Children needing mental health care services face ‘postcode lottery’

Some children needing mental health services are forced to wait up to 18 months for treatment while four in 10 psychiatric services for young people are failing, a new report shows.

The Care Quality Commission (CQC), who commissioned the report, said that in one case young people were forced to wait as long as 493 days for treatment and 610 days for family therapy.

Elsewhere, services were setting their own targets for how quickly children should be seen, the CQC found, which varied greatly depending on a ‘postcode lottery’.

The research found that crisis care for suicidal young people or those with severe mental health problems was sometimes available only between 9am and 5pm, with night-time care provided by adult psychiatrists who lacked expertise in children’s mental health.

The research examined over 100 CQC reports of specialist child and teenage mental health services, rating 39 per cent as requiring improvement and two per cent as inadequate when it came to treating children quickly enough.

Children and young people are ‘repeatedly referred to different parts of the system after several services tell them they fail to meet the threshold for support’, the report said.

Charities and local authorities said the findings showed the urgency of the need for a new mental health service. The Local Government Association said the report revealed the ‘fragmentation, complexity and variation of a service that investment alone cannot solve’.

Dr Paul Lelliott, lead for mental health at the CQC, said: “We must also address those times when a child or young person feels let down or not listened to and make sure the same level of support is available to each and every one of them.”

Claire Murdoch, NHS England’s mental health director, said: “Without a doubt, after years of drought, the NHS’s mental health funding taps have now been turned on. NHS England has also been explicit about the scale of unmet need, which recent improvements have inevitably only been able to begin to tackle.

“It’s going to take years of concerted practical effort to solve these service gaps – even with new money – given the time it inescapably takes to train the extra child psychiatrists, therapists and nurses required.”
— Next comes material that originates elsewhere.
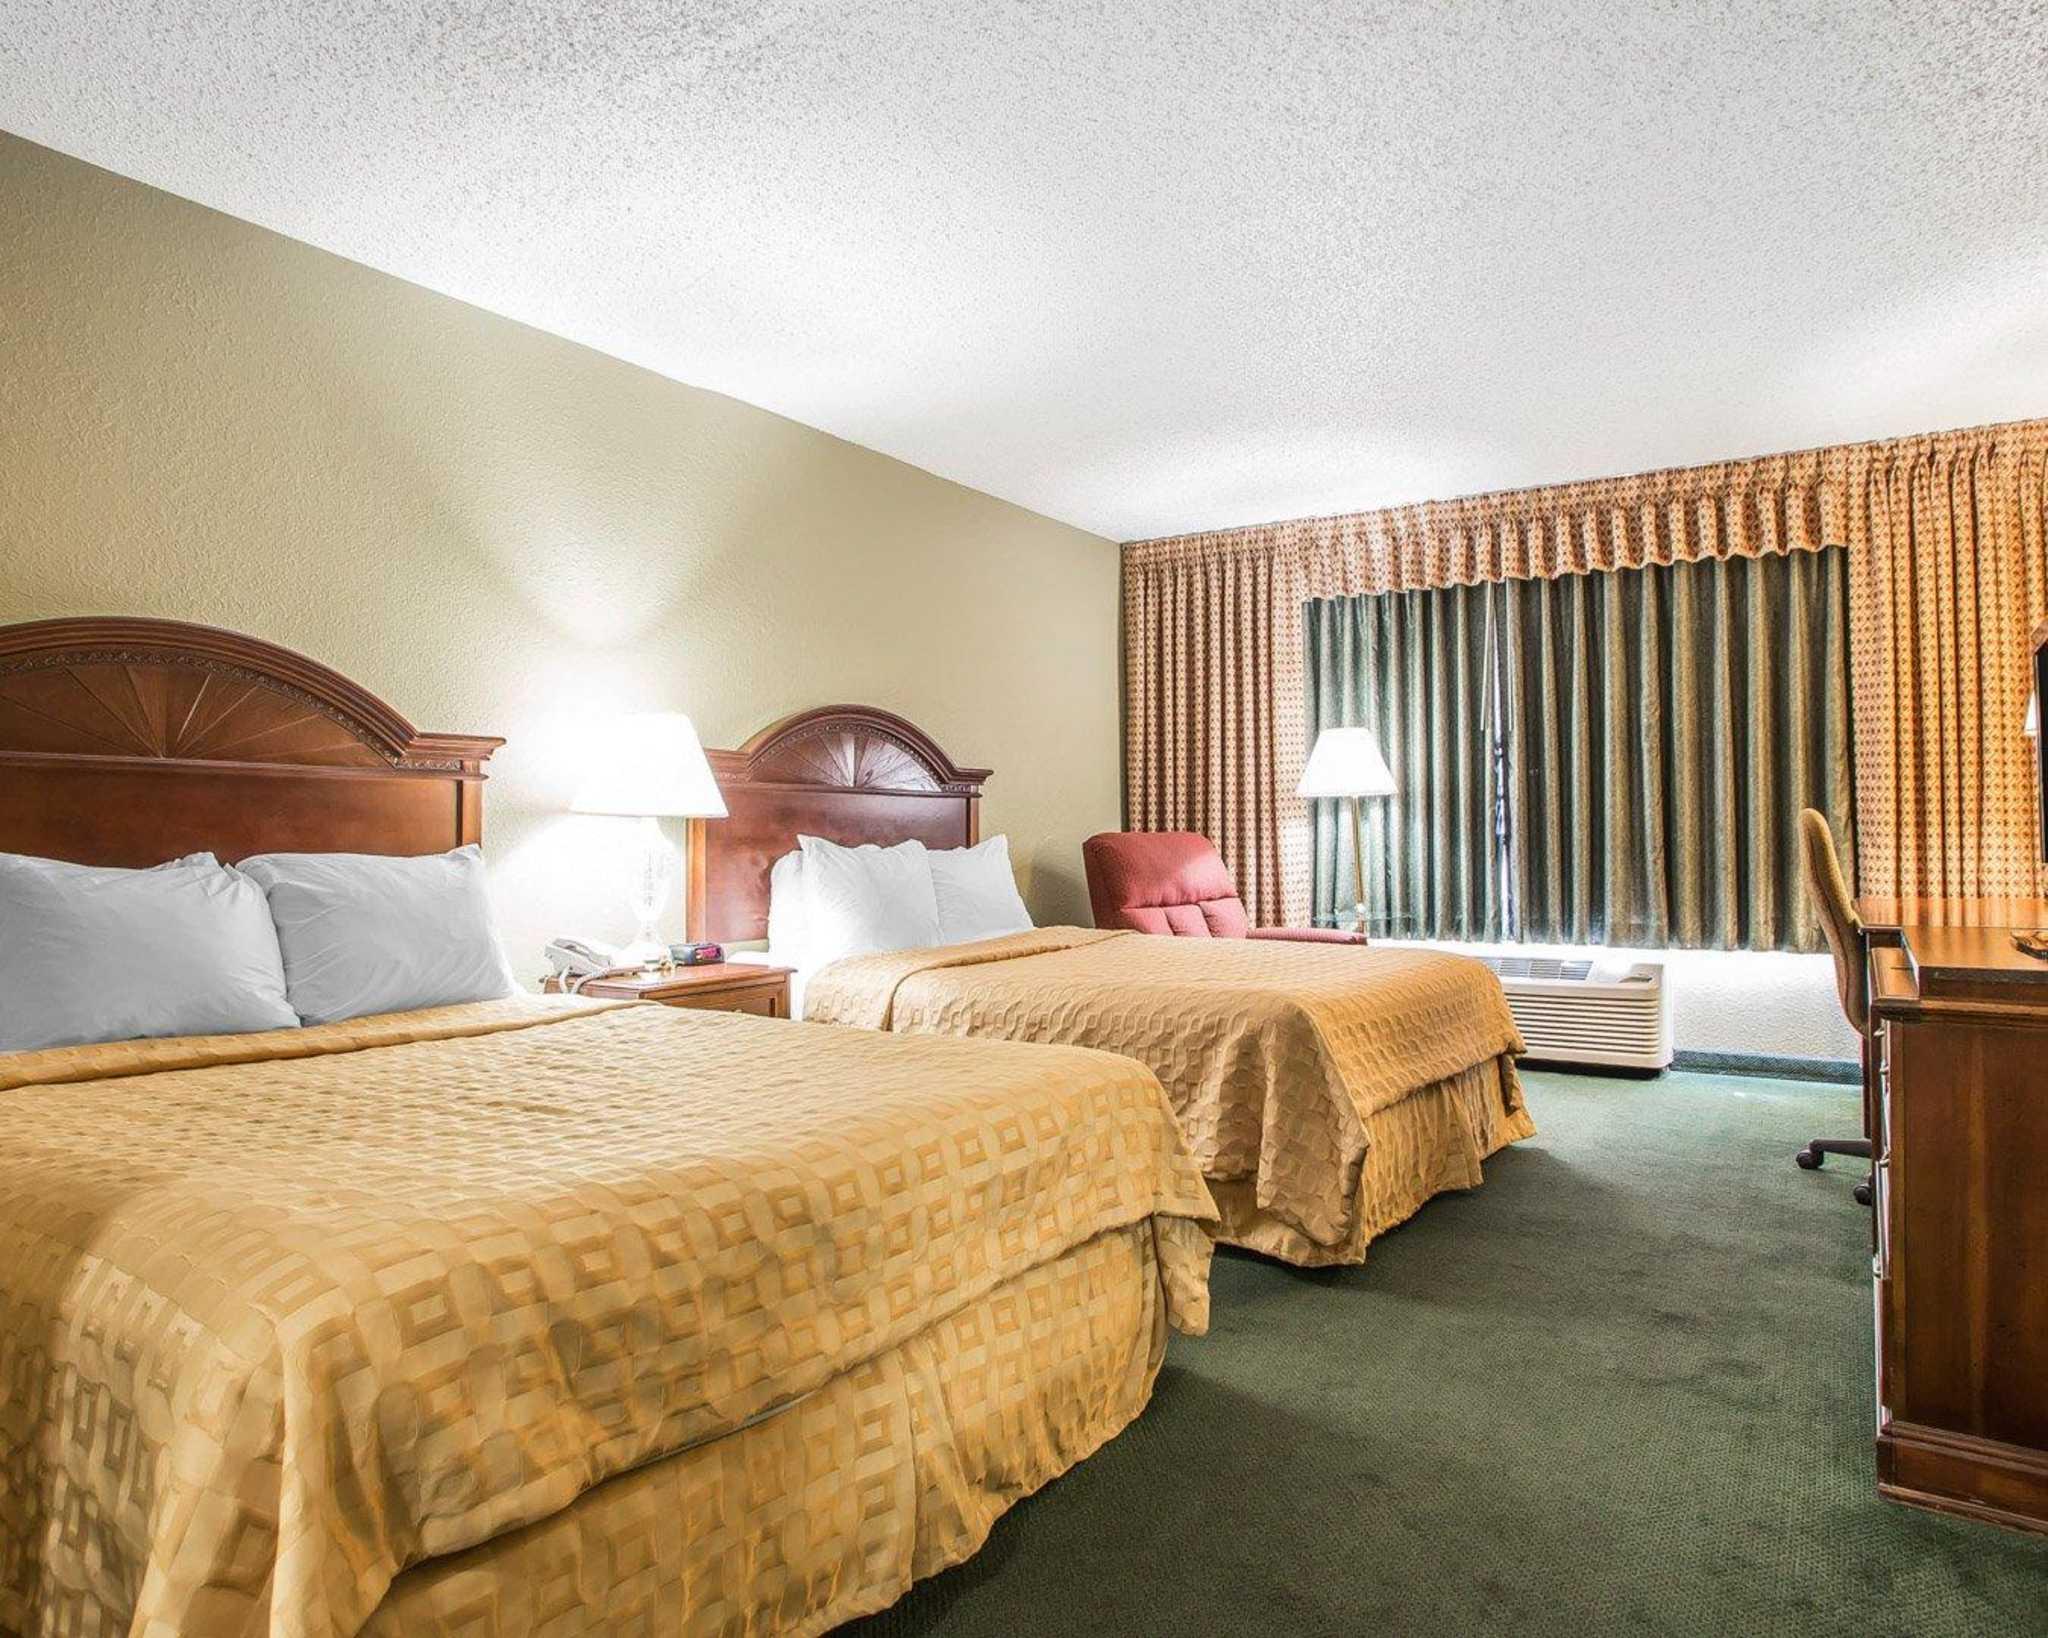 Clarion Hotel Highlander Conference Center image 3

Barbara Keeley, shadow mental health minister, said: “Labour will continue to call on the Tory government to invest in and ringfence mental health budgets as Labour pledged at the general election, so that money reaches the underfunded services on the front line.”

A Department of Health spokesperson said: “Our commitment to improving children’s mental healthcare is shown by our additional £1.4 billion investment, more trained staff and more children and young people accessing care. But there is more to do, which is why we commissioned this review and will publish a green paper on children and young people’s mental health by the end of the year.”